The tokens "The answer is" are identical, but the activations should differ based on what action is required.

### Hypothesis

If AQ theory is correct:
- Same surface tokens + different context = different activation patterns
- Context determines which AQ excite, not the tokens themselves
- Activations for "The answer is" should cluster by CONTEXT TYPE, not by token identity

### Why This Matters

This directly tests the claim that context SELECTS which AQ excite from the weight field.

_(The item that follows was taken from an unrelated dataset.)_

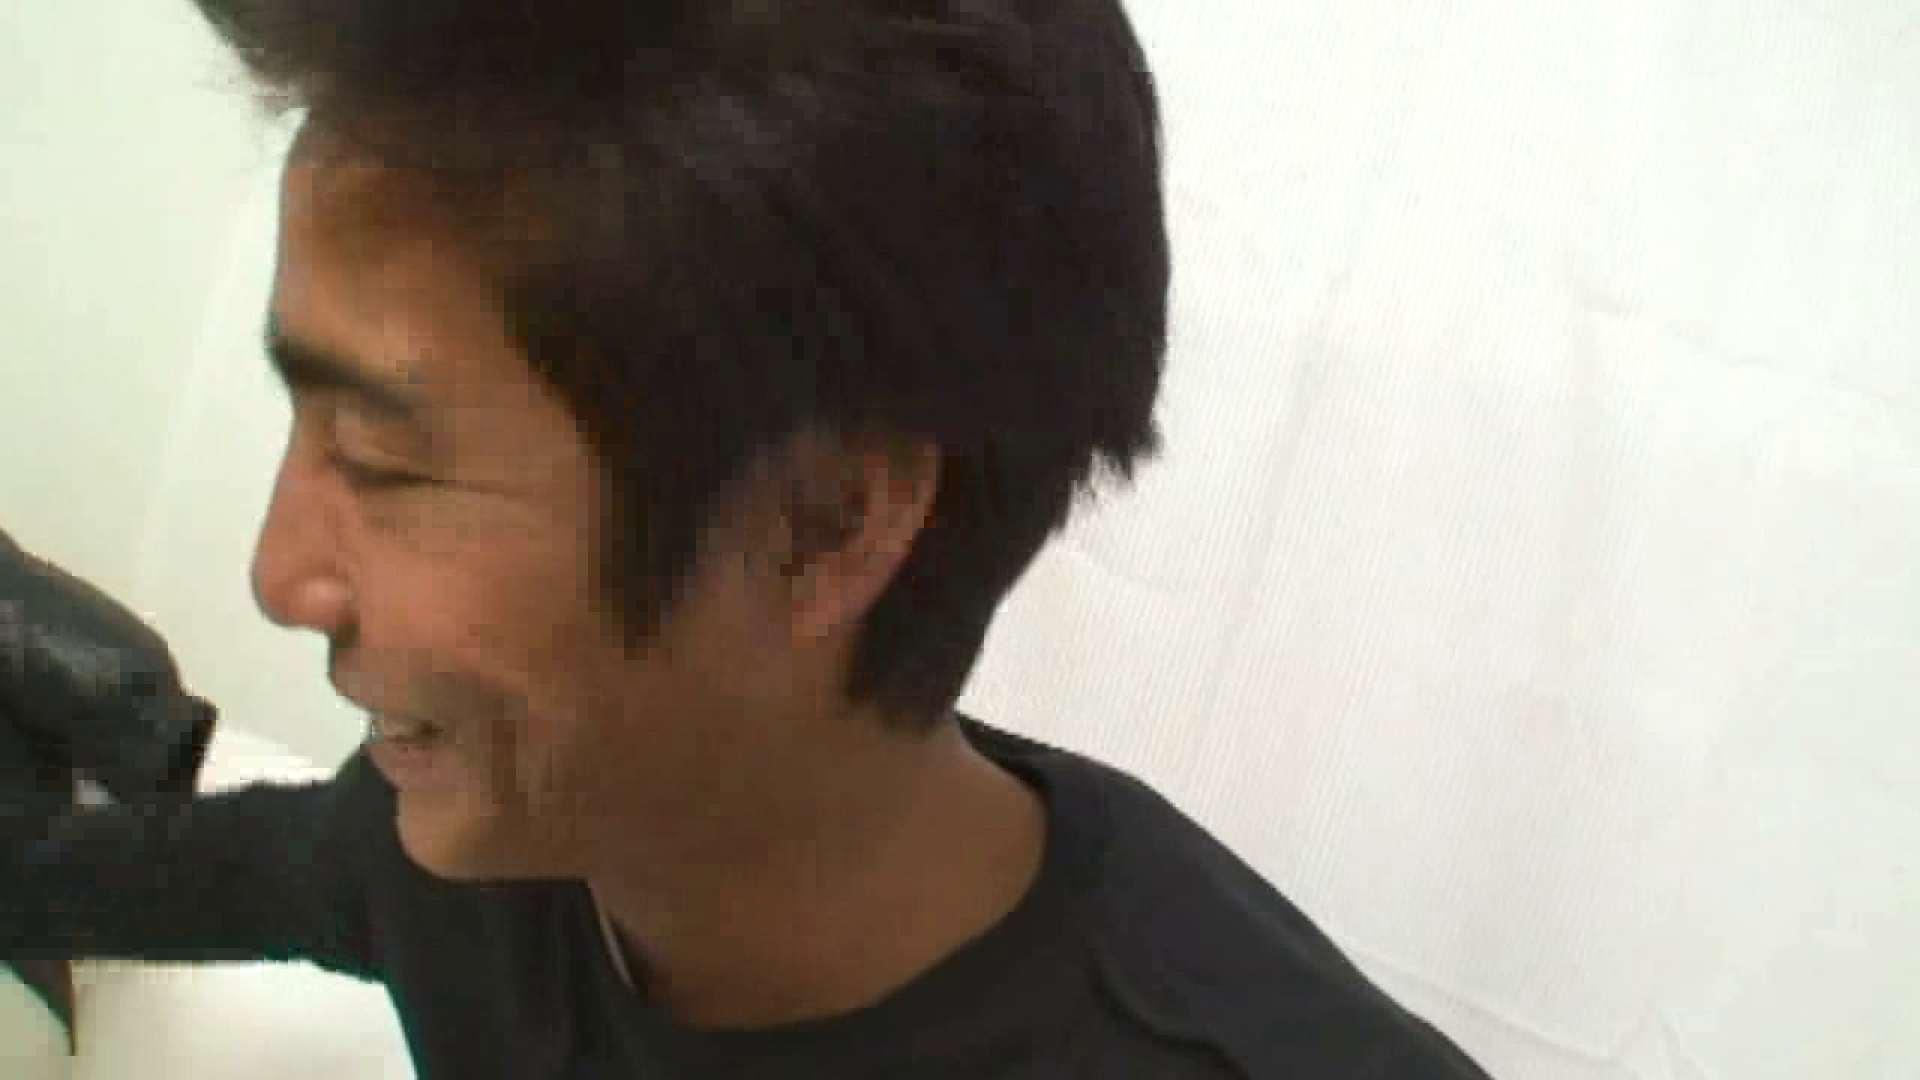 ノンケ!自慰スタジオ No.30 自慰特集 ゲイエロ画像 58枚 34

If activations were purely token-based, "The answer is" would always produce similar patterns.
If activations are context-controlled (AQ theory), the same tokens produce different patterns based on what came before.

---

## 1. Setup and Installation

In [None]:
# Install dependencies (uncomment for Colab)
!pip install transformers torch numpy scikit-learn matplotlib seaborn -q

In [None]:
import torch
import torch.nn as nn
from transformers import AutoModelForCausalLM, AutoTokenizer
import numpy as np
from sklearn.decomposition import PCA
from sklearn.metrics import silhouette_score, pairwise_distances
from sklearn.preprocessing import StandardScaler
import matplotlib.pyplot as plt
import seaborn as sns
from typing import Dict, List, Tuple, Optional
from dataclasses import dataclass, field
import warnings

warnings.filterwarnings('ignore')

# Check device
DEVICE = "cuda" if torch.cuda.is_available() else "cpu"
print(f"Device: {DEVICE}")
print(f"PyTorch version: {torch.__version__}")

## 2. Configuration

In [None]:
@dataclass
class ExperimentConfig:
    """Configuration for Context-Controlled Excitation experiment."""
    model_name: str = "gpt2"
    layers_to_probe: List[int] = field(default_factory=list)
    random_seed: int = 42
    
    def __post_init__(self) -> None:
        if not self.layers_to_probe:
            if "gpt2" in self.model_name.lower():
                self.layers_to_probe = [0, 3, 6, 9, 11]
            elif "pythia" in self.model_name.lower():
                self.layers_to_probe = [0, 2, 4, 5]
            else:
                self.layers_to_probe = [0, 3, 6, 9, 11]
        
        np.random.seed(self.random_seed)
        torch.manual_seed(self.random_seed)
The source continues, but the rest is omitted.